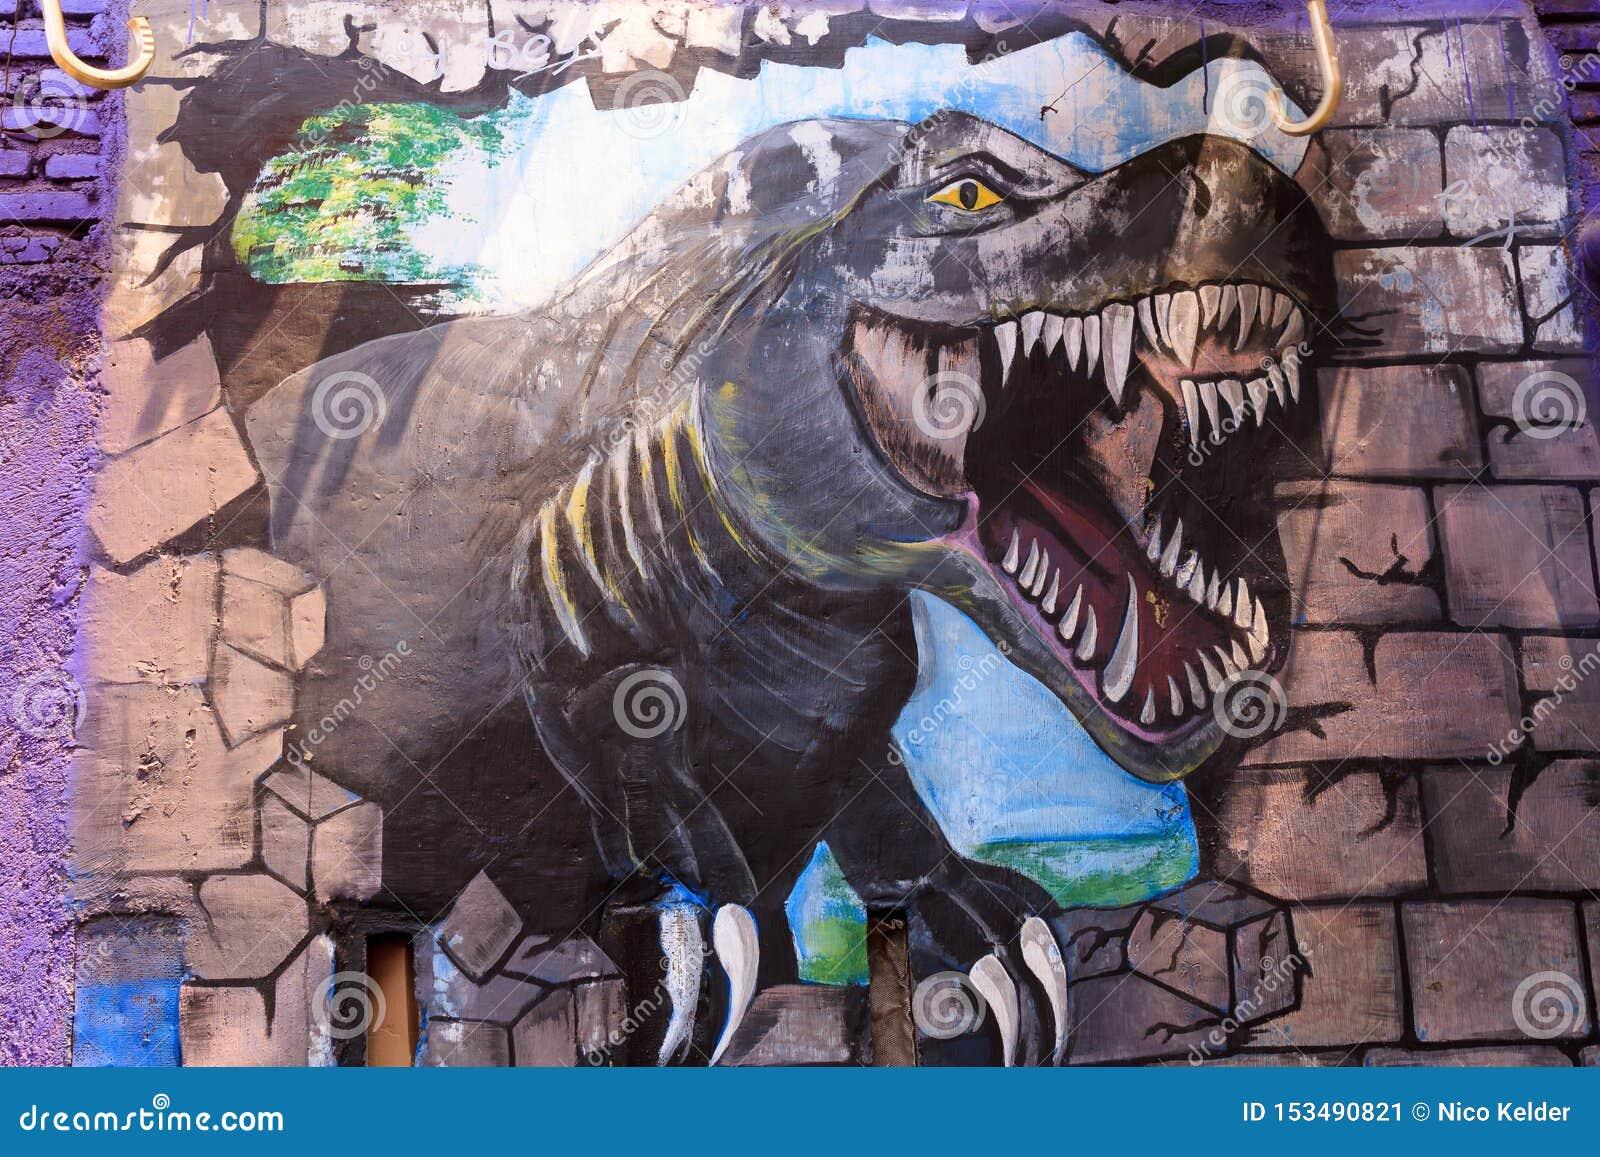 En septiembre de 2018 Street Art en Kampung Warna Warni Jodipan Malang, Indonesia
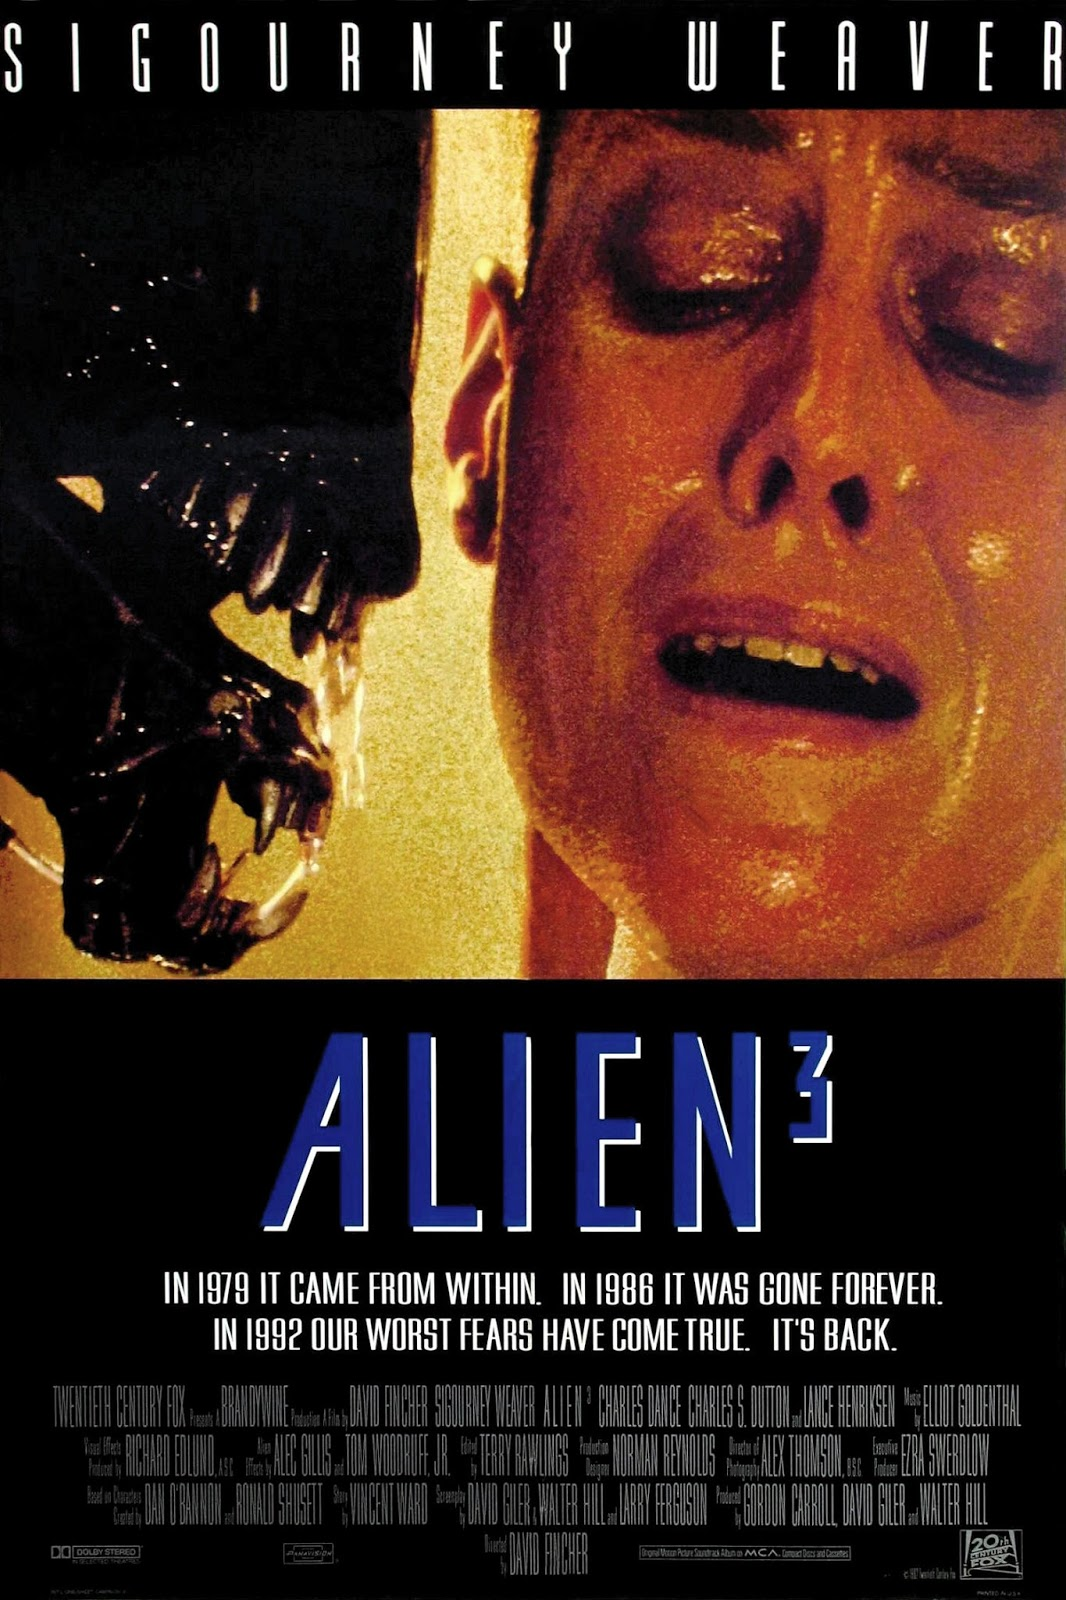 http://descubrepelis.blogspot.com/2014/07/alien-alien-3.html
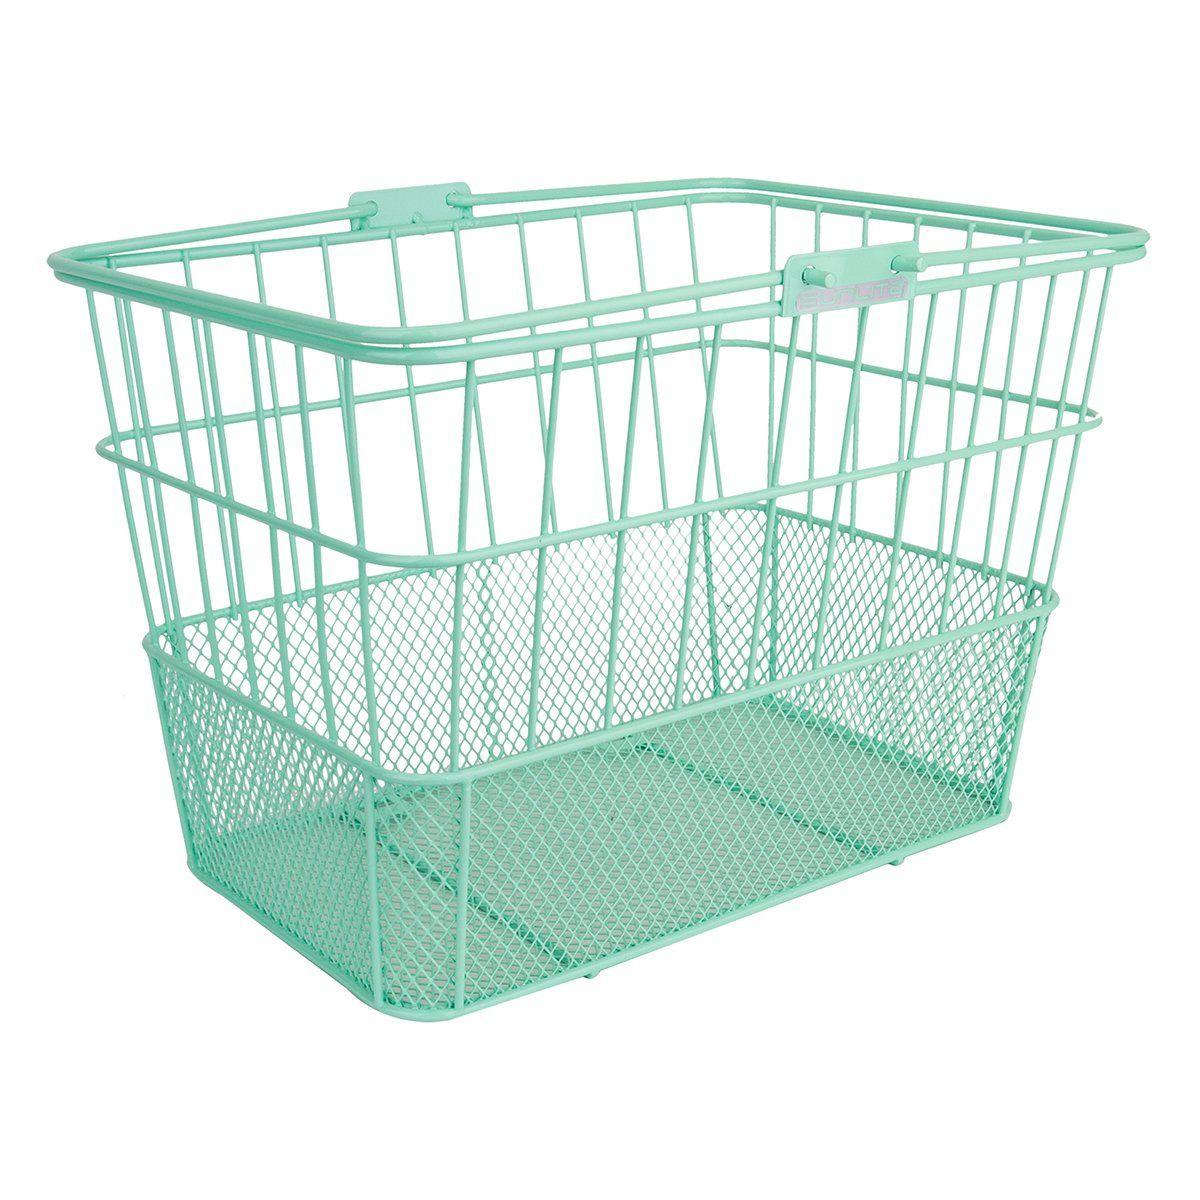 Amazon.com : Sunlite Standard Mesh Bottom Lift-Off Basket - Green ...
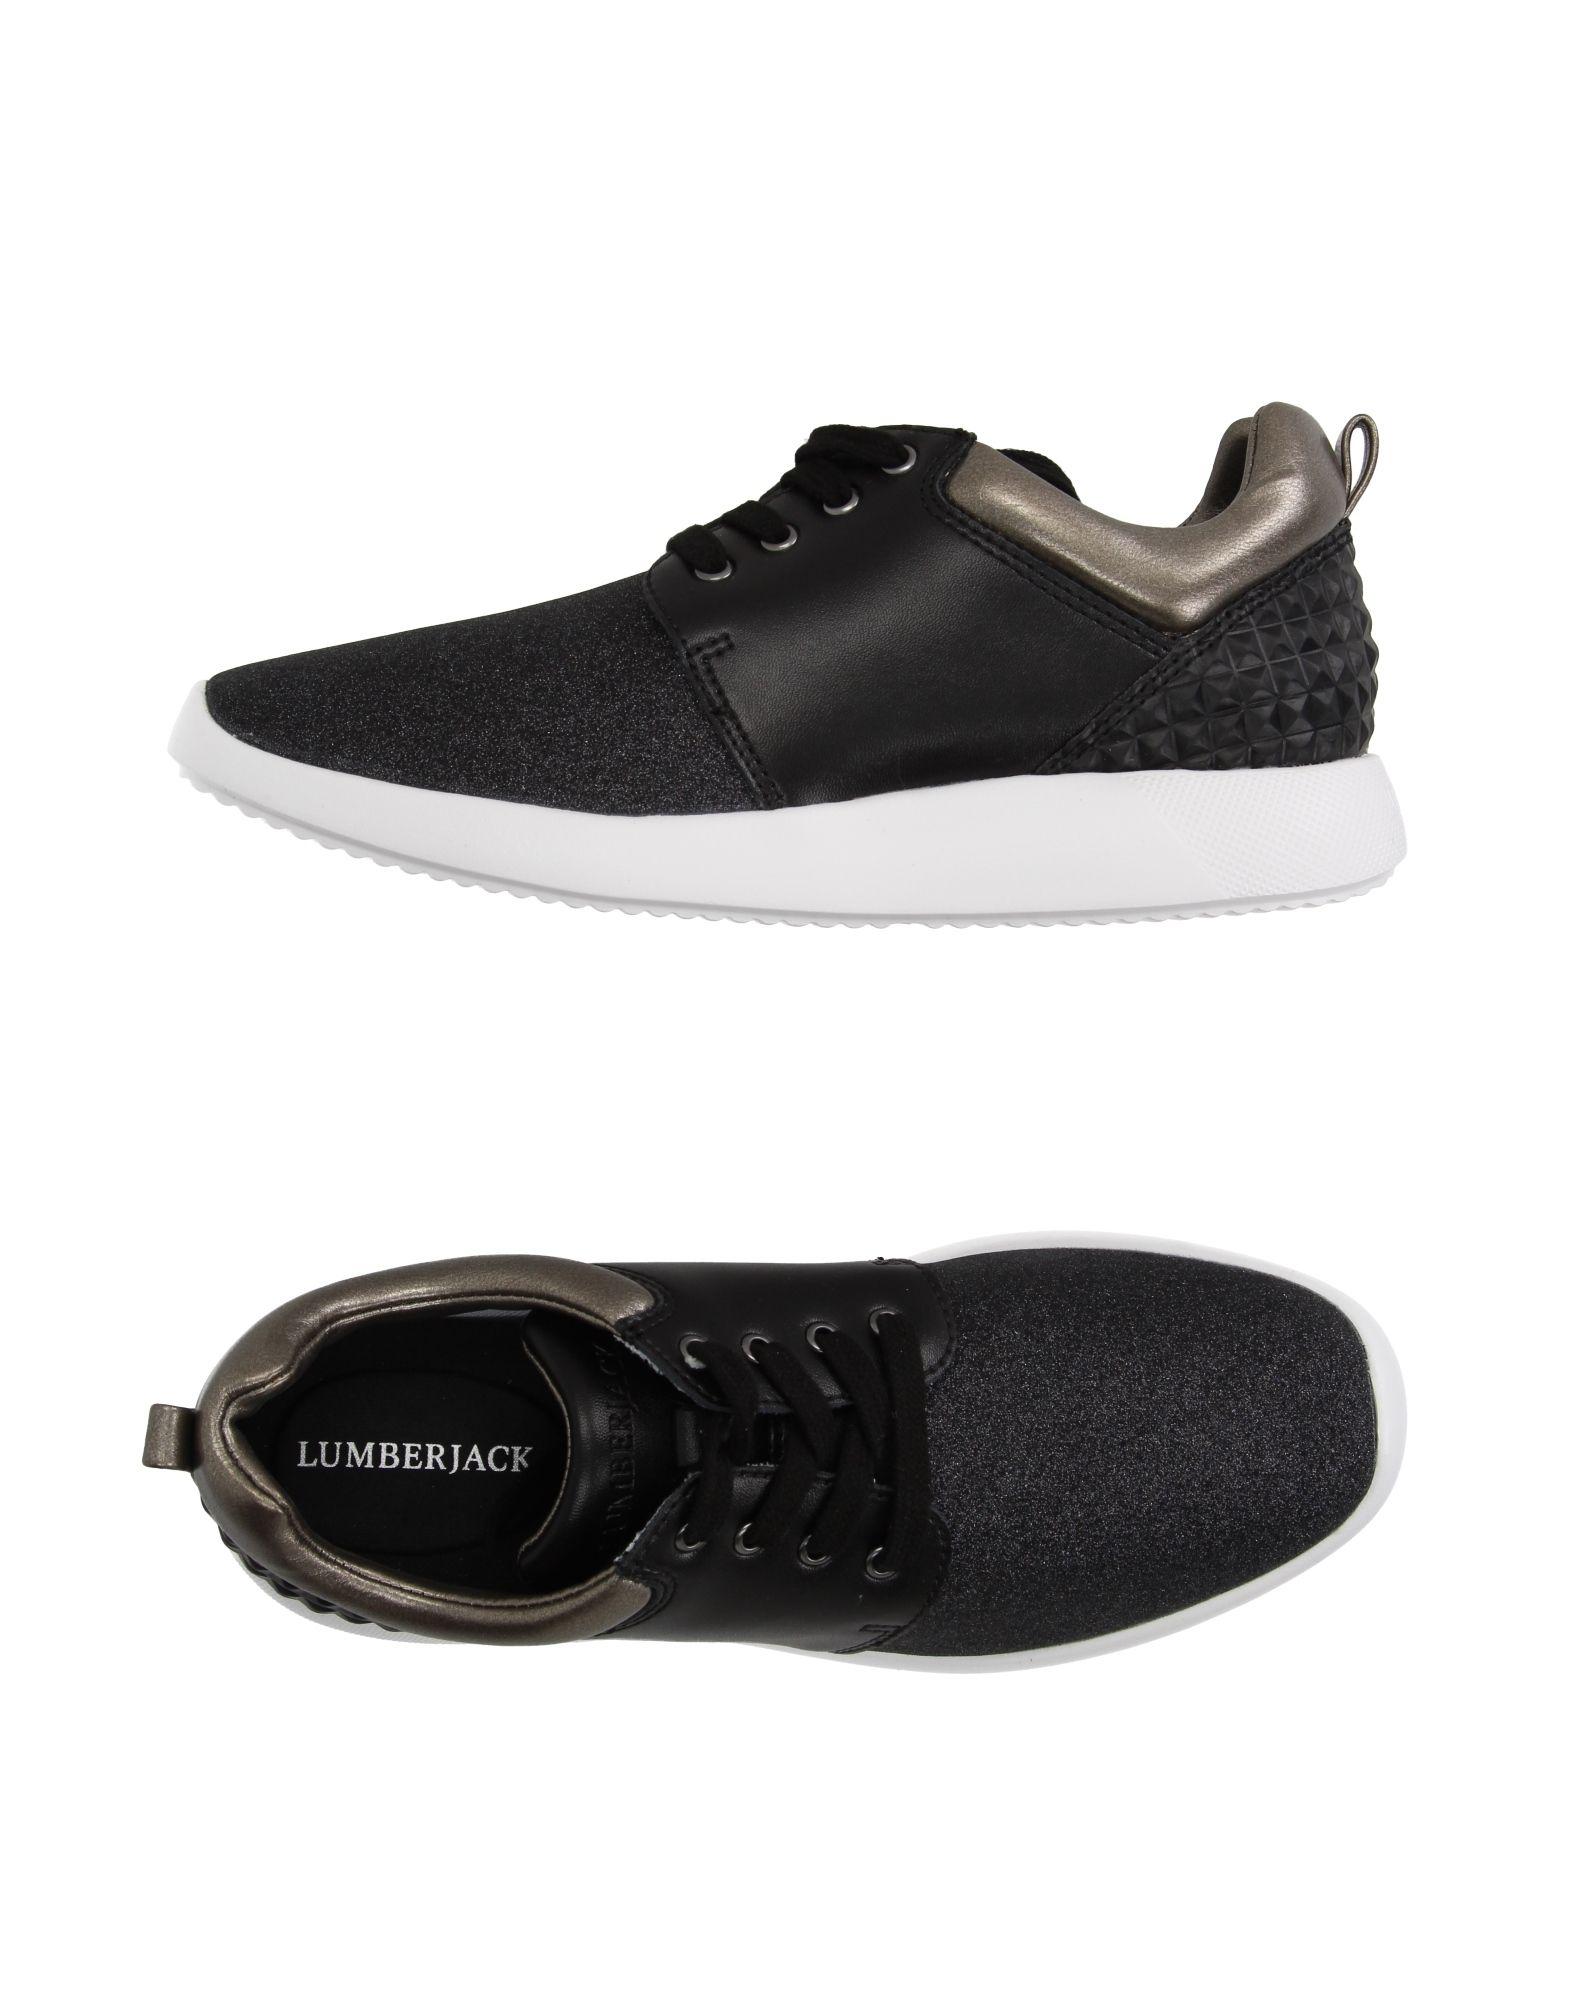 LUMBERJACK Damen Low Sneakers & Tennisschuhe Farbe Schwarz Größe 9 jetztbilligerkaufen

+===+

[Task goal]: From the line that holds "Amazon.com : Sunlite" down to the last line of the material above, every line is to be copied exactly, both ends included; pictures are to be omitted.

[Output for this task]:
 Amazon.com : Sunlite Standard Mesh Bottom Lift-Off Basket - Green ...
 LUMBERJACK Damen Low Sneakers & Tennisschuhe Farbe Schwarz Größe 9 jetztbilligerkaufen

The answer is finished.